Budgets may be harder to justify in a bigger organization, since ROI is much more difficult to prove. A smaller company will see direct impact of Facebook, Twitter ot blog posts, either through buzz, leads converting or direct sales. But for the smaller companies, time is of the essence, and since it usually takes time before social media and content marketing actions gain traction, many quit before they can reap the rewards.

Either way, tough challenges but both can mae headway if they stick to it.

gonzogonzo
gonzogonzo moderator

 @CarolLynnRivera Thanks for the feedback! I also think the mission statement is a huge takeaway: I mean, how many brands really take the time to craft a content marketing mission statement? Yet, it really helps crystallizing the approach and focus how and where content should go.

Cheers,

Frederic

gonzogonzo
gonzogonzo moderator

 @ginidietrich LOL! Well, ok, perhaps I did add a little bit of context and inserted some additional information to make this post more digestible...

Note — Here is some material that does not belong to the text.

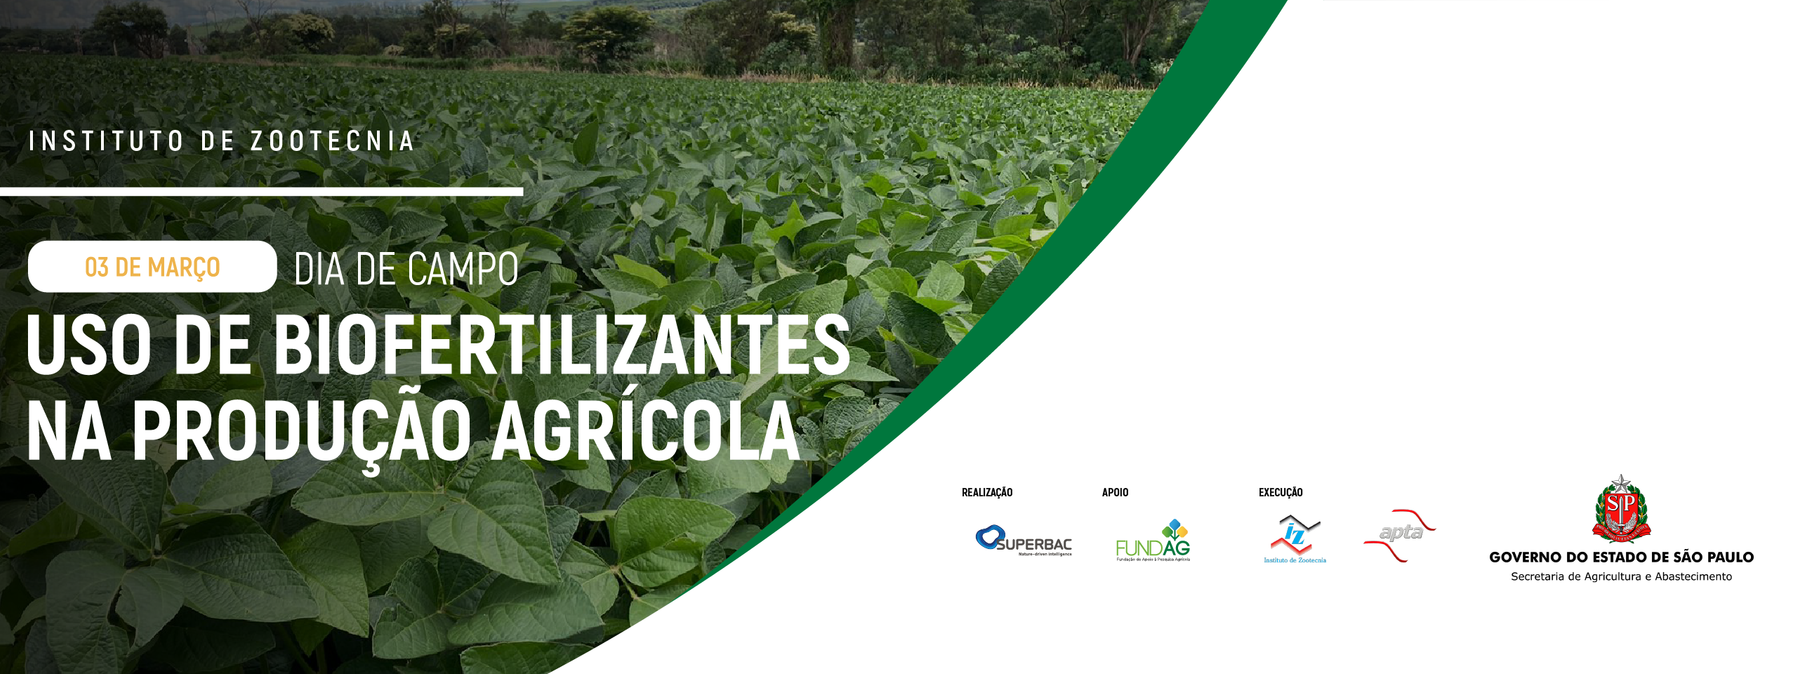 Dia de campo: Uso de biofertilizantes na produção agrícola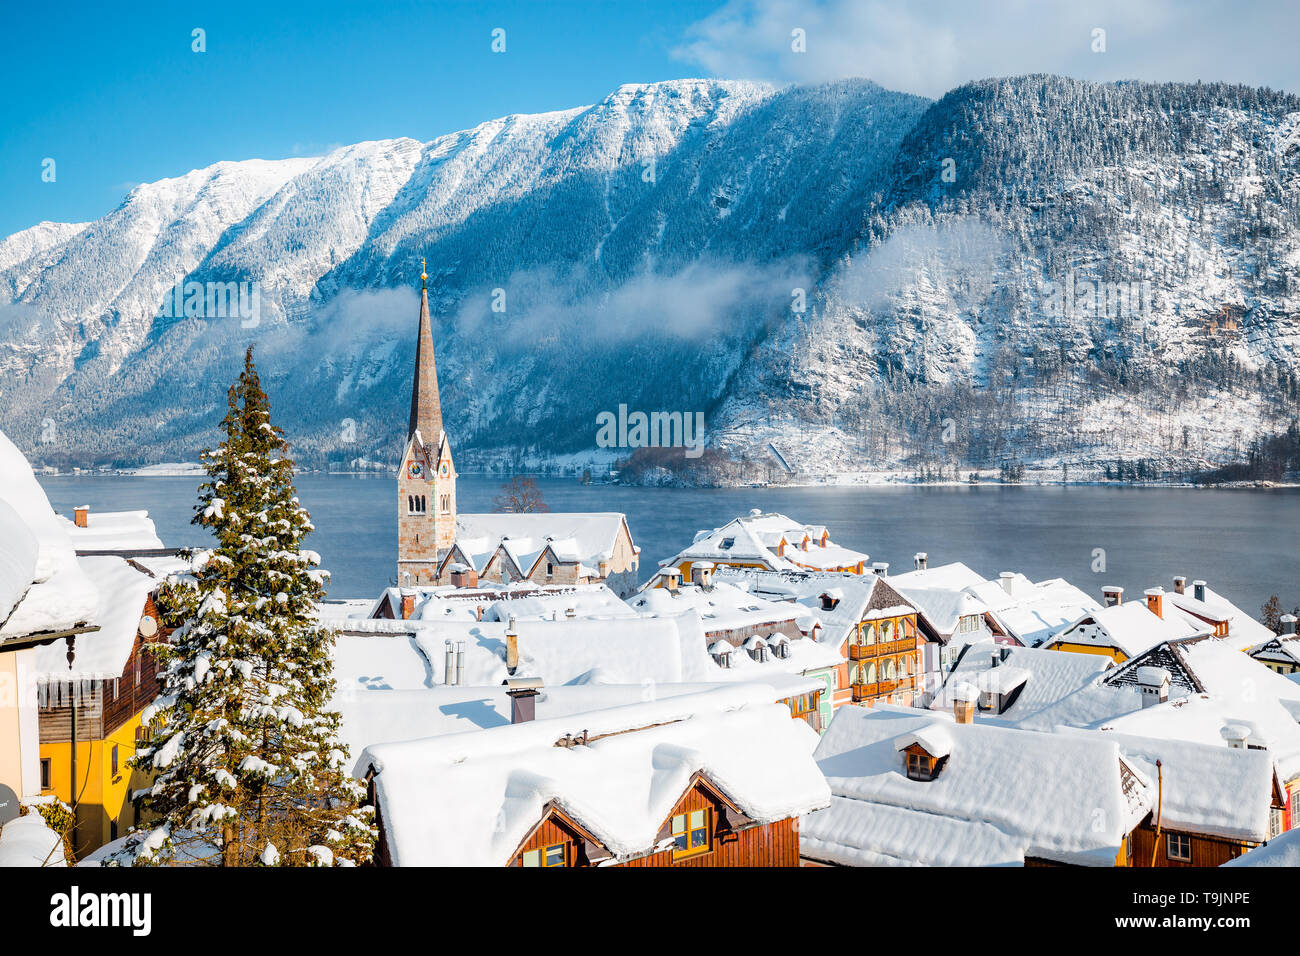 Vue panoramique sur le village historique de Hallstatt froid sur un beau jour ensoleillé, ciel bleu et nuages en hiver, Autriche Banque D'Images

Looking forward to your presentation, Gini ;-)

Cheers,

Frederic

gonzogonzo
gonzogonzo moderator

 @Adi Gaskell Your comment is not far-fetched, Adi. In fact, I believe we are indeed seeing more and more of this "free content" being spread via blogs and social media. The hard sell, or revenue generation then comes from books for authors or conferences for thought-leaders and industry experts.

Not sure it applies to all industries, though, as retail or B2B would not necessarily rely on conferences or live performances to earn sales, content itself playing a more traditional role of bringing people online or at a point-of-sale.